The taxpayer's secondary intention at that time is also important, and
objective evidence concerning the taxpayer's conduct must indicate that the prospect
of reselling the property was an "operating motivation" for its
purchase.
(c)
The primary or
secondary intention to resell the property at a profit is indicative of the
property having been acquired as inventory whose resale would result in
business income (or a business loss). The possibility of selling at a profit
must have been a motivation for purchasing the property. Such motivation is to
be inferred from the circumstances surrounding the transaction.
[12]
Counsel for the
Respondent also referred to Interpretation Bulletin IT-479R, pertaining to securities
transactions. It states that, in addition to the intention existing at the time
of purchase, other factors may be considered in order to determine whether a
loss or gain of principal from the disposition of a security is on income or
capital account. The factors that tend to show that the disposition of a
security resulted in a business profit (or loss) are the following:
(a)
the frequency of
[similar] transactions;
(b)
the period of ownership;
(c)
the taxpayer's knowledge
of securities markets;
(d)
the taxpayer's ordinary
business;
(e)
the time spent
studying the securities markets and investigating potential purchases;
(f)
financing (on margin
or some other form of debt);
(g)
advertising; and
(h)
in the case of shares, their
nature (speculative, non-dividend or dividend).

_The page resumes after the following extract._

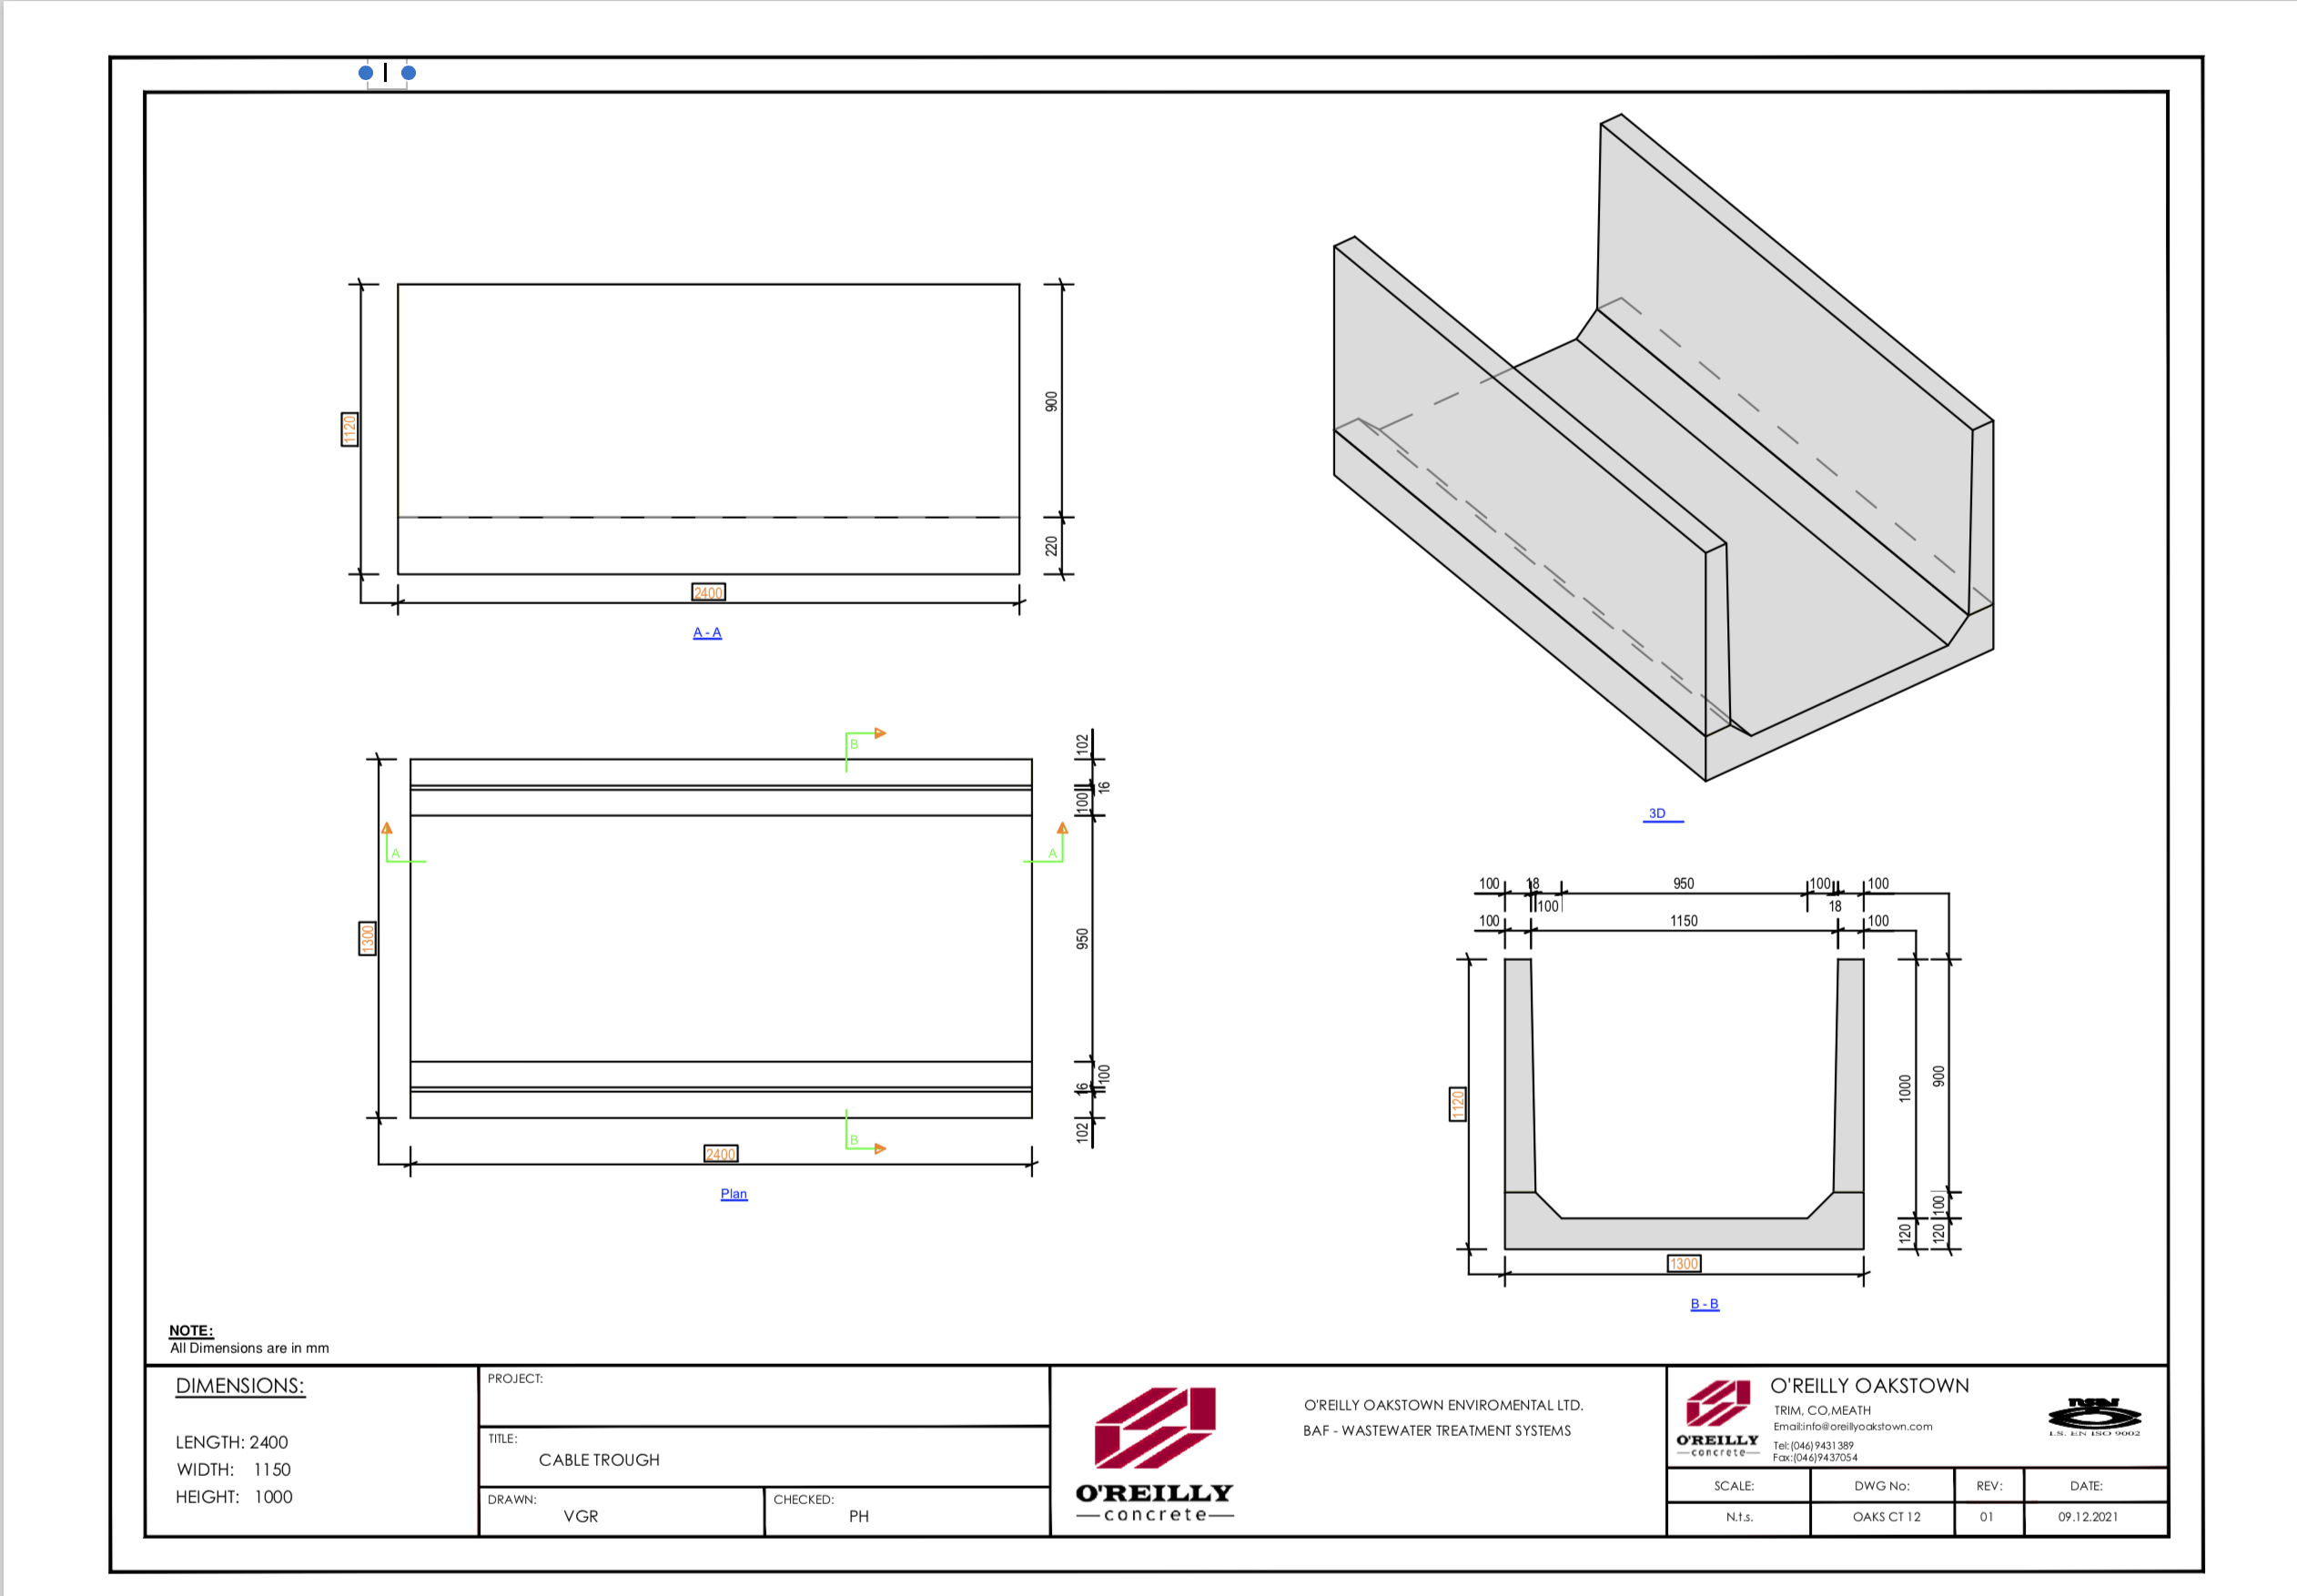 Cable Troughs - 2.4x1.15x1

Application of the criteria to the facts of
this case
[13]
The Appellant is an
investment advisor who carried out a very large number of transactions on his
own account during the period in issue. In the course of the years 2002 and
2003, more than 50% of the Appellant's personal transactions involved
securities of companies operating in the natural resource sector. They involved
shares in mining companies that were listed on a prescribed stock exchange in
Canada. Thus, the investments were very risky and highly speculative. Earning dividends
was not one of the Appellant's objectives.
[14]
The flow-through shares
in which the Appellant invested were shares of Freewest Resources Canada
Inc., Majescor Resources Inc., Metco Resources Inc. and Pershimco Resources,
while the other securities in which he invested were shares of Freewest Resources,
Mines d'Or Virginia, Majescor Resources, Ashton Mining Canada,
Patrician Diamonds, Teck Cominco, PrimeWest Energy and Tri Origin Resources. Thus,
the Appellant purchased both flow-though and other shares of Freewest Resources
Canada Inc. and Majescor Resources Inc.
[15]
The Appellant's
investments in shares other than flow-through shares were primarily motivated
by the possibility of making a significant profit upon resale in the event that
a new mineral deposit was discovered. With respect to the flow-through shares,
the Appellant's primary intention at the time of purchase was to take
advantage of the available tax benefit, and his secondary intention was to make
a profit upon resale in the event that a new mineral deposit was discovered
(see paragraph 7(i), supra).
[16]
The Appellant held
most of the flow-through shares for more than a year —which was longer, generally, than he held the non-flow-through
shares he acquired. The explanation for this is a statutory requirement that flow-through
shares acquired as a private investment be held for at least one year before
they can be resold in the market. This rule was in effect until
December 2002. As of January 2003, this mandatory holding period was
reduced to four months. The flow-through shares of Freewest Resources Canada Inc.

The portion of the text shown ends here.